- Supplied information:
§
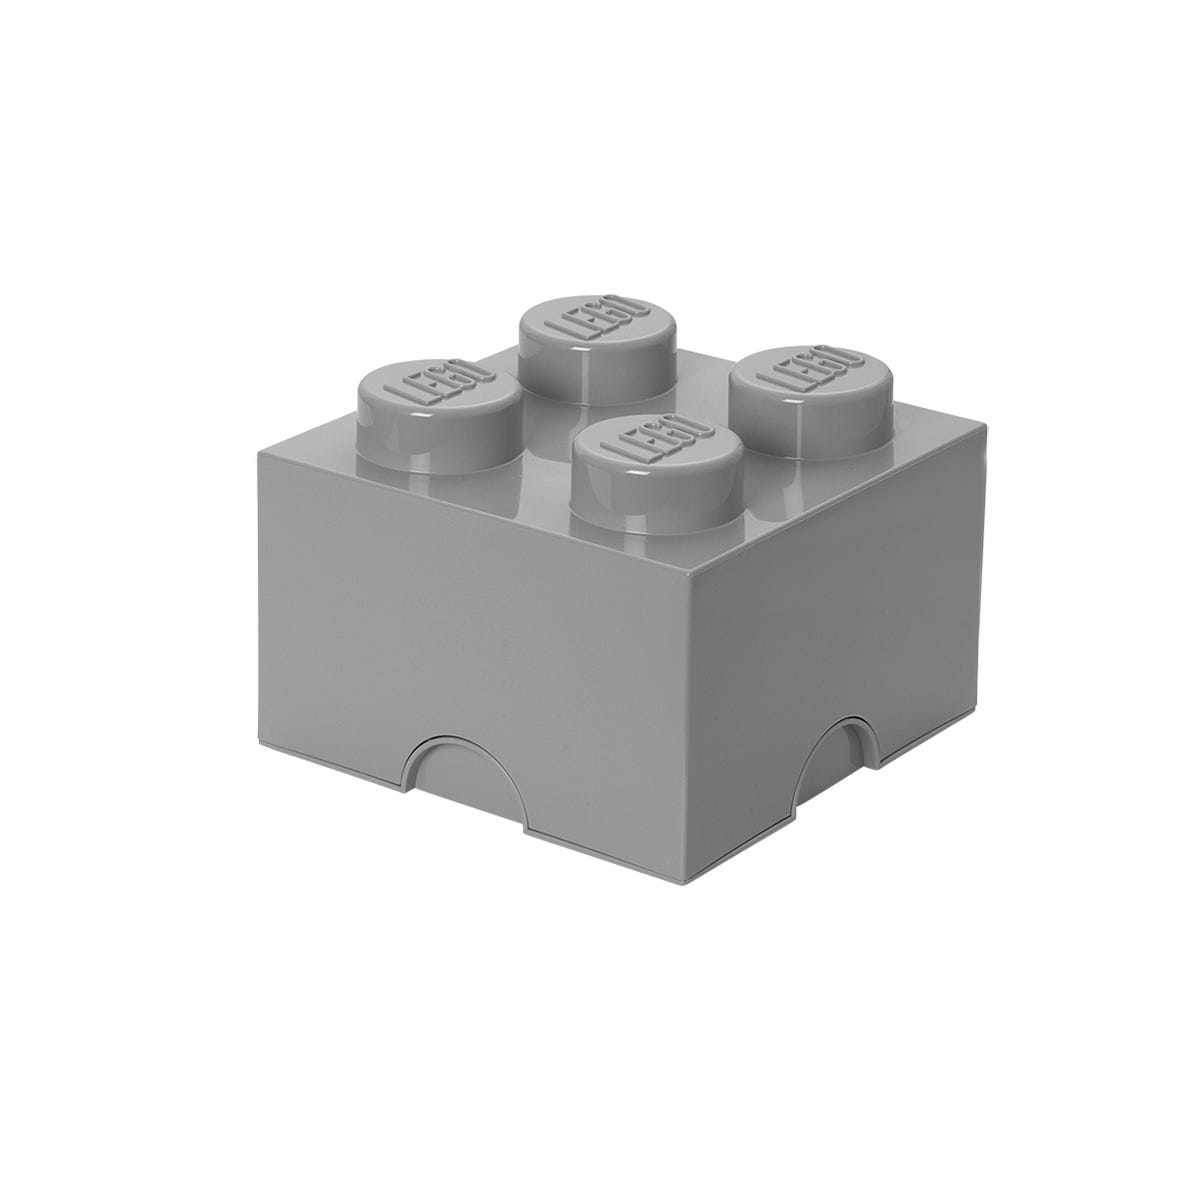 4-Stud Storage Brick - Medium Stone Gray
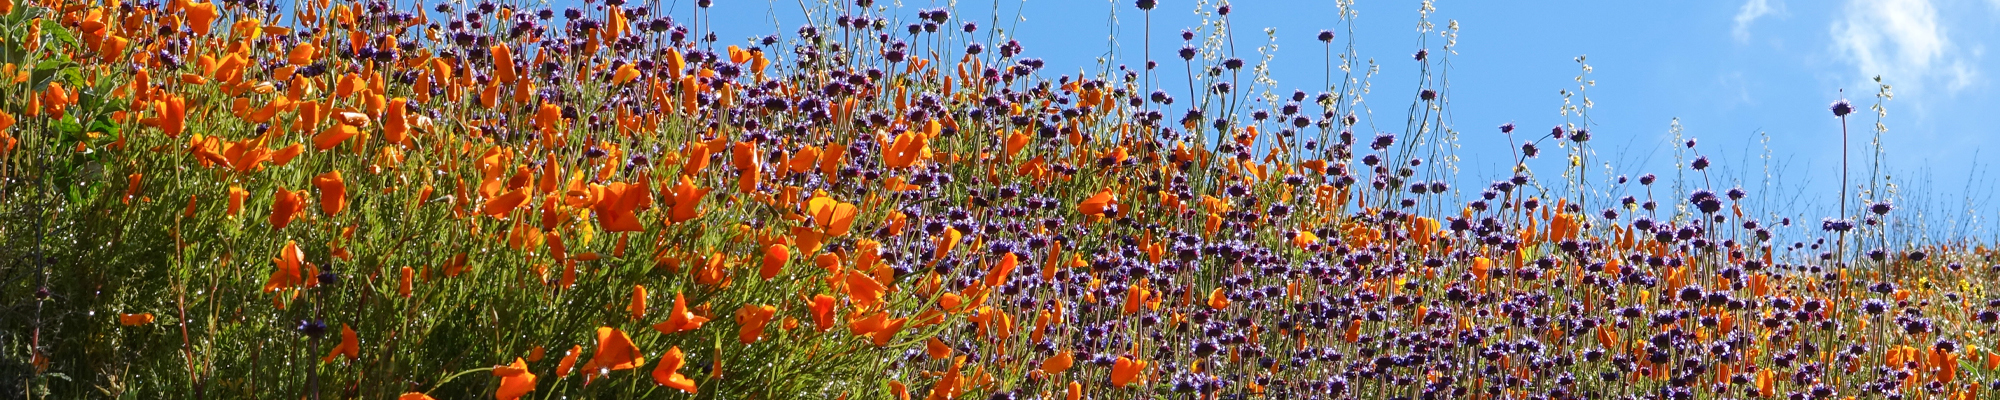 field of poppies california
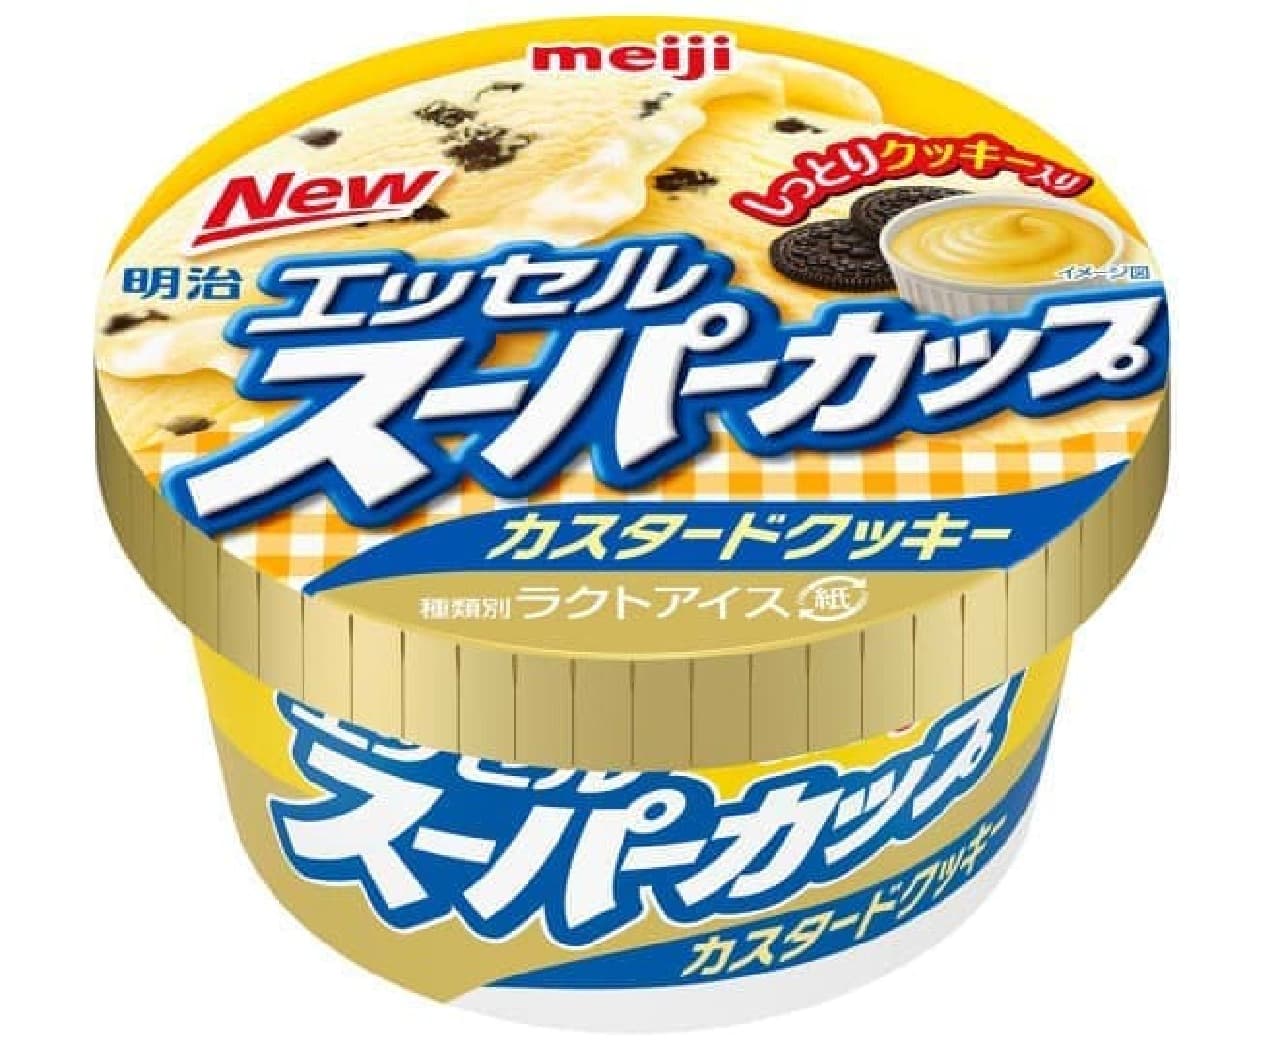 Meiji Essel Super Cup Custard Cookies
§
- Exercise requirements: Send back every line of the listing exactly. Omit the images.

- Expected answer:
 4-Stud Storage Brick - Medium Stone Gray
 field of poppies california
 Meiji Essel Super Cup Custard Cookies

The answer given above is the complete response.